Healthy Life Centers (Norwegian, 'Frisklivssentralen') is a municipal service in Norway that aims to promote both physical and mental health, as well as to limit the development of non-communicable diseases. Previous research has shown that receiving follow-up from Healthy Life Centers has led to higher levels of daily physical activity, in addition to improved self-reported health and quality of life among the participants. However, there is a lack of studies that have examined what kind of physiological health effects can be expected from participating in the Healthy Life Center's follow-up. In this study, responses to the 12-week physical activity program of the Healthy Life Center will be compared with the responses in a negative control group that does not receive such follow-up. Both the intervention group and the reference group (the negative control group) will carry out the same tests and measurements before and after the 12 week period.

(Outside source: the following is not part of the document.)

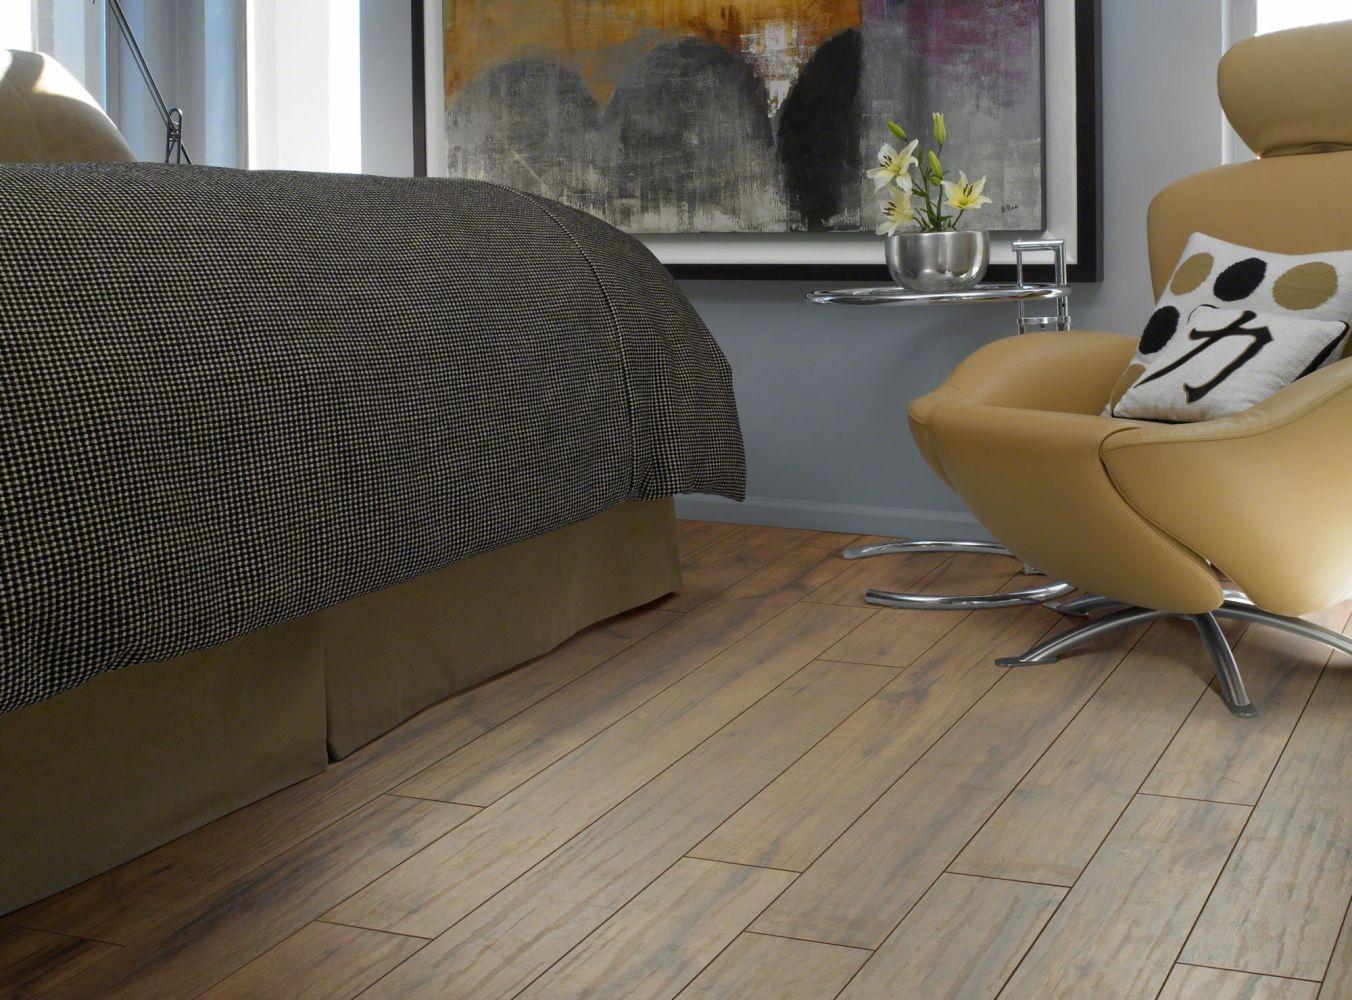 Shaw Floors Versalock Laminate Timberline Corduroy Rd Hckry 00426_GT012

The tests will include measurements of anthropometric variables (body height, body weight and waist circumference), body composition, arterial stiffness, resting blood pressure and blood variables (blood glucose, long-term blood glucose, blood lipid profile and inflammation markers), in addition to physical tests of mobility, balance, maximum aerobic capacity (maximal oxygen consumption) and maximum muscle strength. Questionnaires related to adherence to the Healthy Life Center follow-up, socio-demographic variables, eating and drinking habits, activity level, perceived physical fitness, motivation for exercise, and health-related quality of life will also be included.